A draft template was prepared and the consultation broadened to the trust's pharmacy advisory committee, medical director and co-director of nursing. It was agreed that endorsement would be the responsibility of the trust board. The lead clinician responsible for preparing any group protocol would be required to present it to the pharmacy advisory committee. The authorisation of individual practitioners was confirmed as the responsibility of the relevant clinical service manager and lead consultant. For consistency throughout the trust, templates were devised for each of these functions.
The professional development nurse who led the development of the templates went on to use them in the production of a group protocol for school immunisation sessions. This was the first group protocol to be endorsed by the pharmacy advisory committee in 1999 and it has been used as a model or 'worked example' by others writing protocols, both within Camden and Islington and across a number of regions. A sample of the trust's protocol template is given in Box 3.
The supply and administration of medicines under group protocols benefits both users and staff. Nurses report greater job satisfaction and increased morale through enhanced autonomy while clients have shorter waiting times and less fragmented care. Staff appraisals in services using group protocols show unanimous approval for the extension of protocols and development of nurse-led clinics.

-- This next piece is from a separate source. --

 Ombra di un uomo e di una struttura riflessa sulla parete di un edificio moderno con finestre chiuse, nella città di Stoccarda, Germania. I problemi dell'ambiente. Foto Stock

The templates have provided a framework that meets clinical governance requirements and supports multidisciplinary service development. They have helped disparate services to grapple with the concepts inherent in group protocols.

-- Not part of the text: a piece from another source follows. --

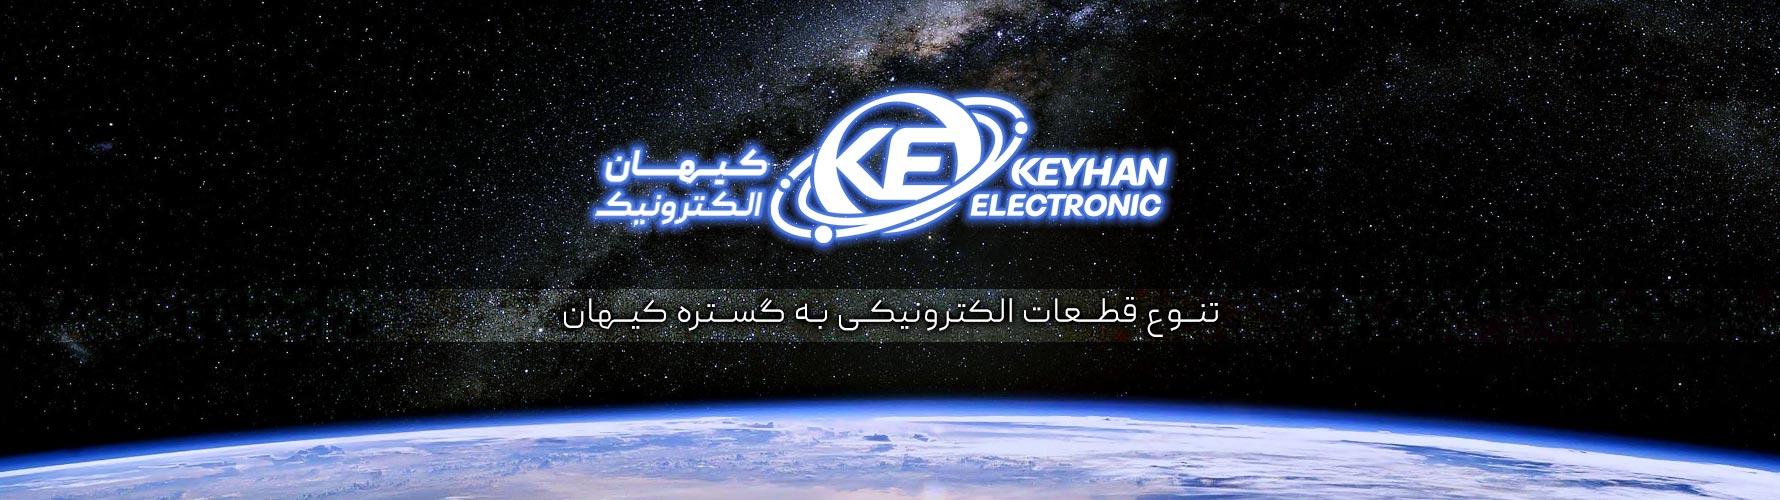 افتتاحیه وبسایت کیهان الکترونیک - کیهان الکترونیک

In August last year, modifications to the Medicines Act 1968 were brought into effect, legitimising patient group directions (PGDs). At Camden and Islington Community Health Services NHS Trust, the legal criteria for the development of PGDs have been carefully compared with the criteria that underpinned the trust's template for writing group protocols. The additional requirements were minimal but significant. They included:
- The need for the involvement of a local microbiologist in the development of PGDs for antimicrobials;
- Additional information on situations in which PGDs could be used for 'black triangle' drugs (those recently licensed and subject to special reporting mechanisms) and medicines used outside the terms of the Summary of Product Characteristics. These amendments have been incorporated into a trust-wide template for PGDs.
The launch of the new templates coincided with the review date of some of the first group protocols that were endorsed by the trust. Linking changes in legislation with practitioners' experiences of using group protocols will facilitate the development of robust PGDs. This approach has now been extended to the development of PGDs for use in general practice in collaboration with primary care groups and the health authority.

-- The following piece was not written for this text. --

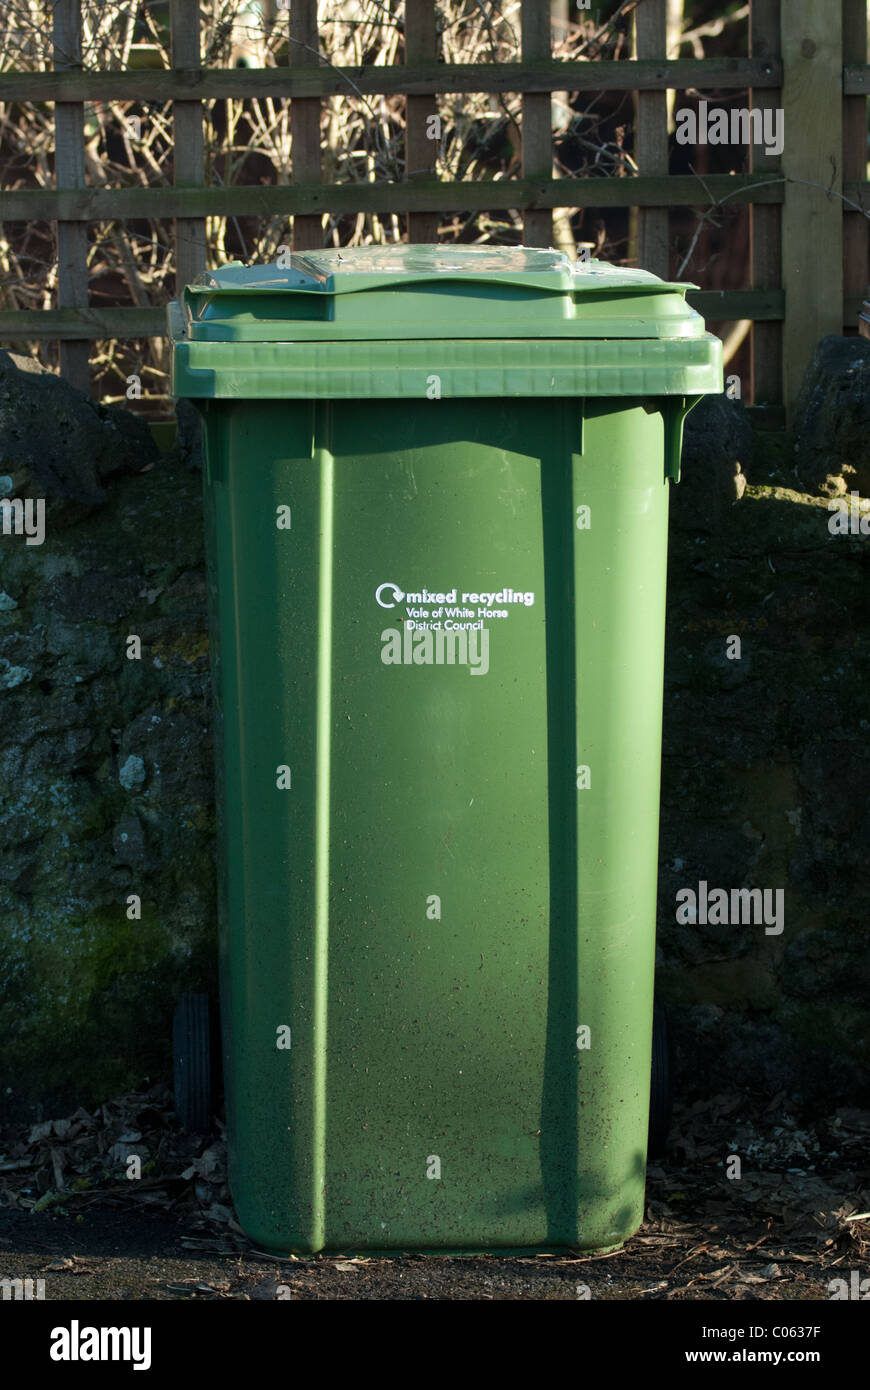 Ein grüner Kunststoff Wheelie bin, wartet auf einen vierzehntägigen Rat recycling Sammlung in einem UK-Land-Dorf. Stockfoto

The second Crown report (Department of Health, 1999) suggests that group protocols may continue in future as the option of choice in situations such as mass school immunisation programmes. However, it also describes potential developments for nurses in relation to the prescribing, supply and administration of medication as well as proposals to extend nurse prescribing. Some of these proposals remove the need for group protocols in some situations.
Patients may benefit from nurses being able to vary the dose of medication already prescribed - as in the role of a dependent prescriber rather than through the use of a PGD. The role of the proposed regulatory body will be important in determining the optimum method of prescribing, supplying and administering medication in particular situations.
The trust's experience shows that innovative solutions to service delivery problems can be achieved by an evaluative culture looking beyond individual services. These templates, created through multidisciplinary consensus on best practice, allow that experience to be practically shared and developed by other services.